OpenStack Keystone with Cassandra Database in DevStack

Using Cassandra as backing database for OpenStack Keystone was our solution to multi-region deployment problem of OpenStack cloud. This blog post is not to discuss the problem. We are talking about how to have a development environment to play around with Keystone working with a dev Cassandra deployment.

“Just run this script and you’re all set!”

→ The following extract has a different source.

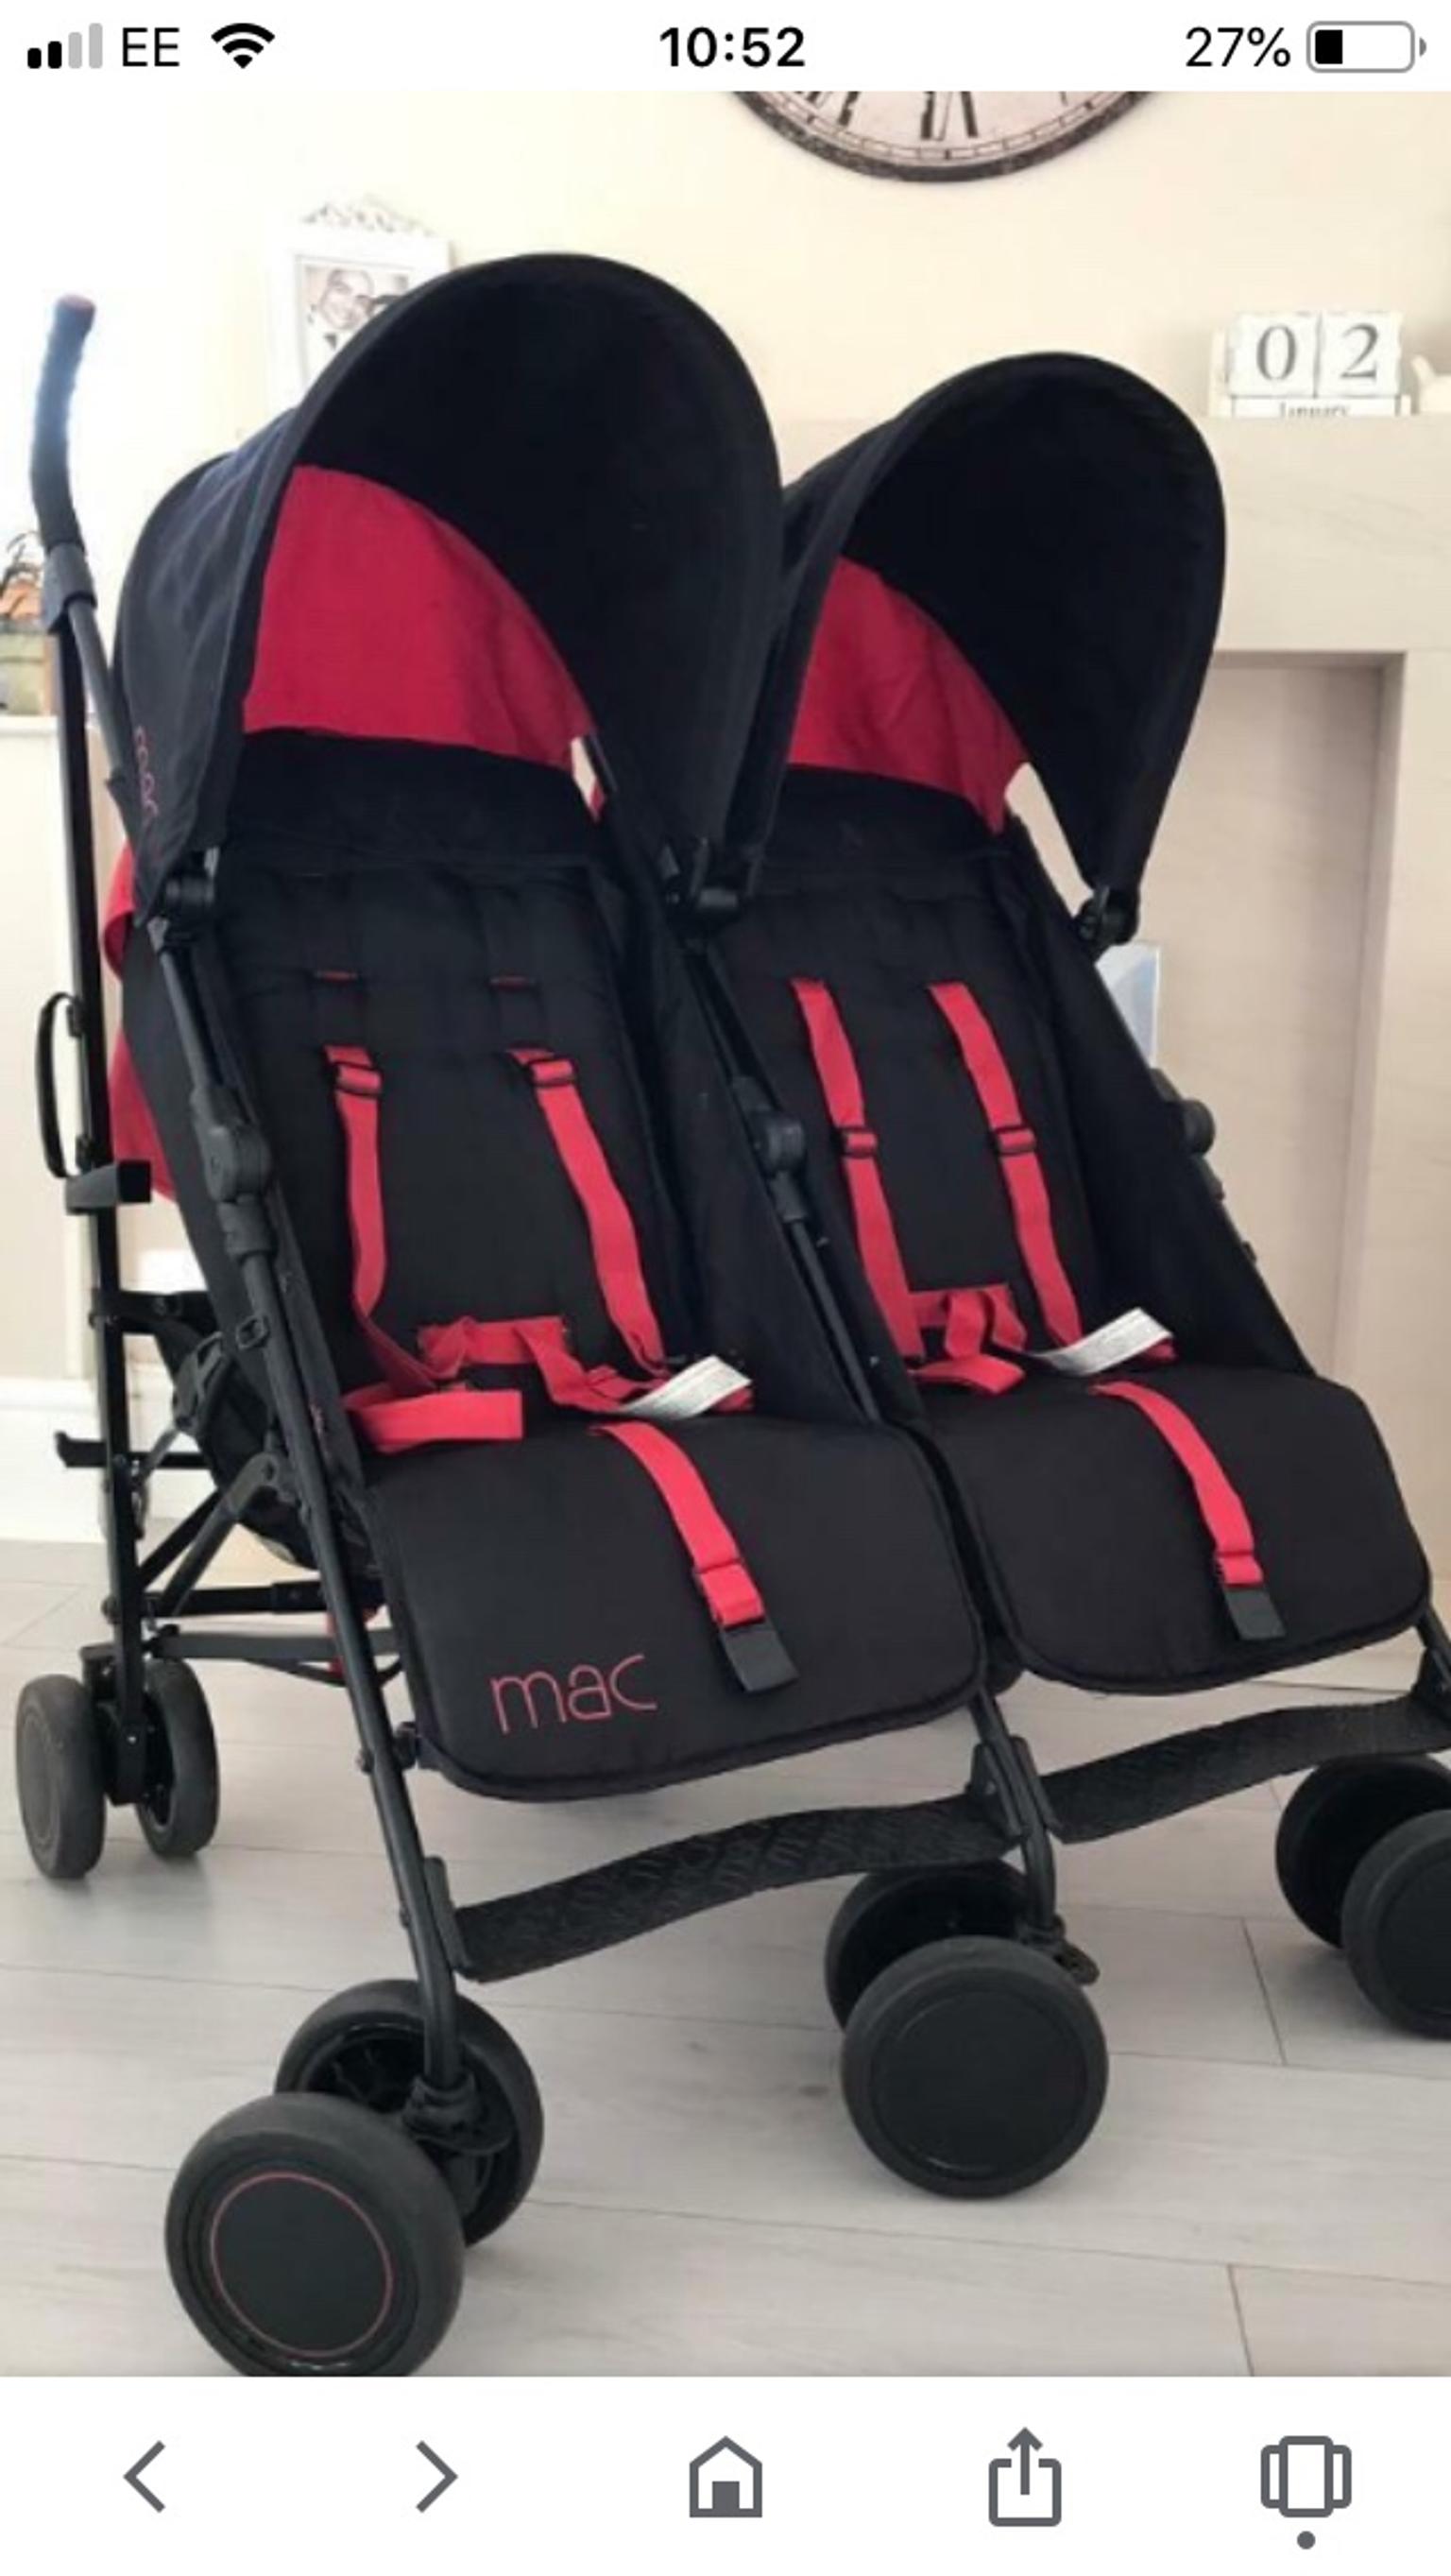 maclaren double stroller used
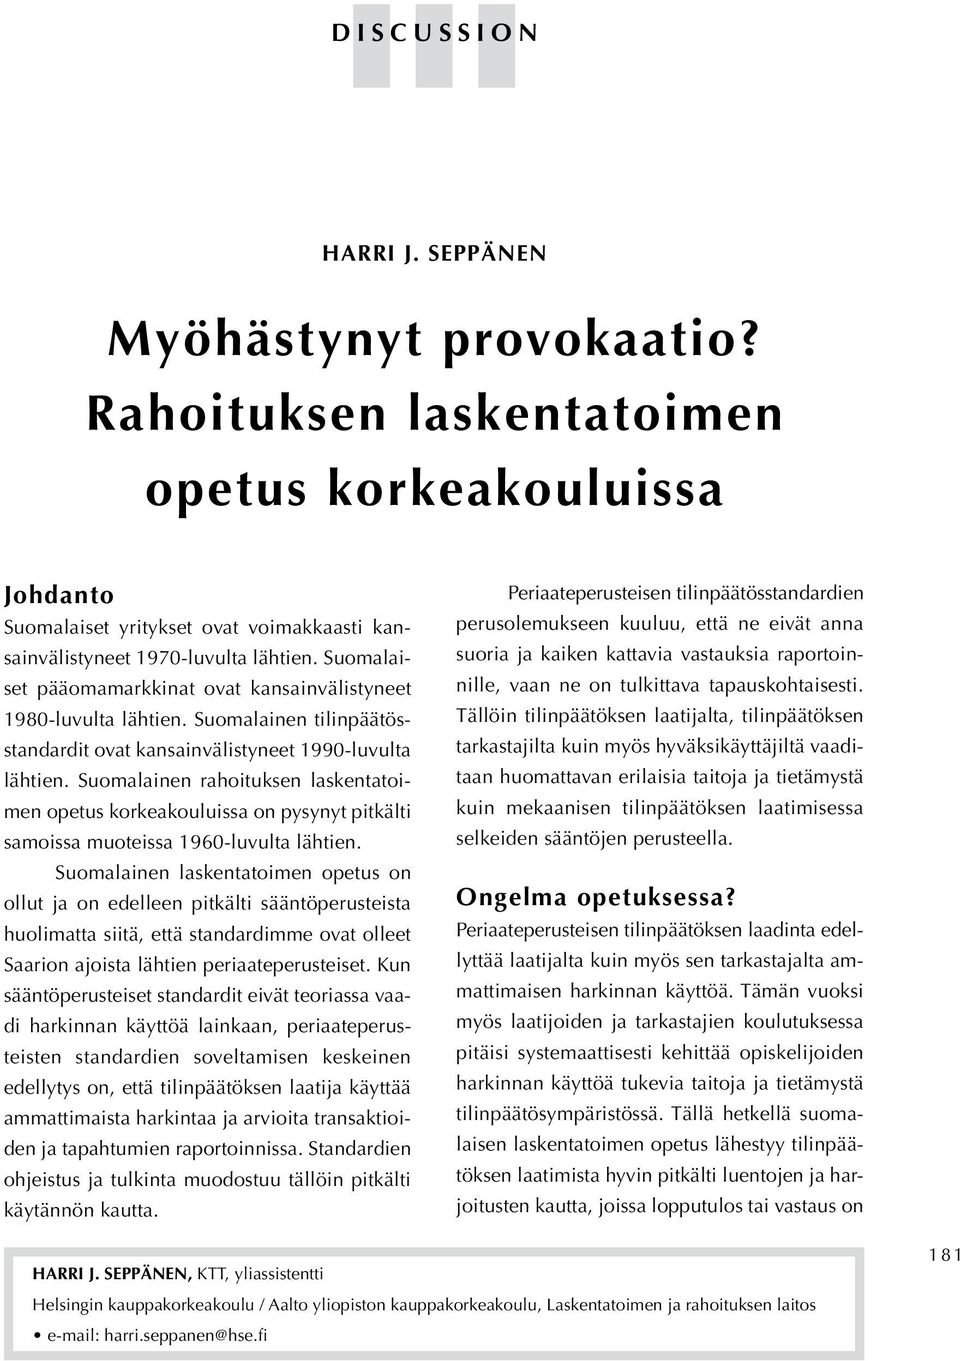 Suomalainen rahoituksen laskentatoimen opetus korkeakouluissa on pysynyt pitkälti samoissa muoteissa 1960-luvulta lähtien.

I’ve put together all commands into a script which can be found here:

https://raw.githubusercontent.com/rushiagr/keystone-cassandra/master/keystone-cassandra.sh

If you have a fresh Ubuntu VM, just copy this script into that machine and execute it. Give it 15-20 mins at least (depending upon your internet connection), and it will set up:

  1. DevStack with Keystone installed and running with all the data stored in/fetched from local Cassandra installation
  2. A Cassandra development cluster (CCM) with 5 nodes and replication factor of 3

Of course, you will need Internet access inside the VM. Also, give the VM around 3GB of RAM, else things might not work properly. Actually, if you change the Cassandra configuration to one node instead of 5, probably 2 GB will suffice. But I’ve not tried it. (Let me know if you tried it and it works!)

Notes:

  1. Remember, this is a dev cluster. It’s not supposed to be used in production. Hell, it’s not even ready for it.
  2. Keystone is running on 127.0.0.1. I’ve done this so that it will work on any person’s VM
  3. I’ve tested only on a Ubuntu Trusty VM, on Amazon EC2 m4.large instance which has 8 GB RAM. OpenStack on AWS – ironic, isn’t it? :)
  4. I’m using Java which comes with Ubuntu’s APT packages. In production one is supposed to use Oracle Java as per Cassandra folks.
  5. The code for this script is located at https://github.com/rushiagr/keystone/tree/liberty-cassandra, i.e. on liberty-cassandra branch. Note that this work is currently based upon Keystone’s Liberty code as on first week of June. It might not work directly with latest code as it might require fixing imports which might have become outdated. However, I don’t think it’s going to take more than an hour to make it work with latest code; just that I don’t have enough motivation right now to keep the code updated with ‘latest’ all the time.

Credits

This work was done by the ‘distributed database’ team of 4 people: Ajaya Agrawal, Rushi Agrawal (me), Vivek Dhayaal and Yogeshwar Shenoy, listed in alphabetical order. And obviously Reliance, for providing us an opportunity to work on this thing.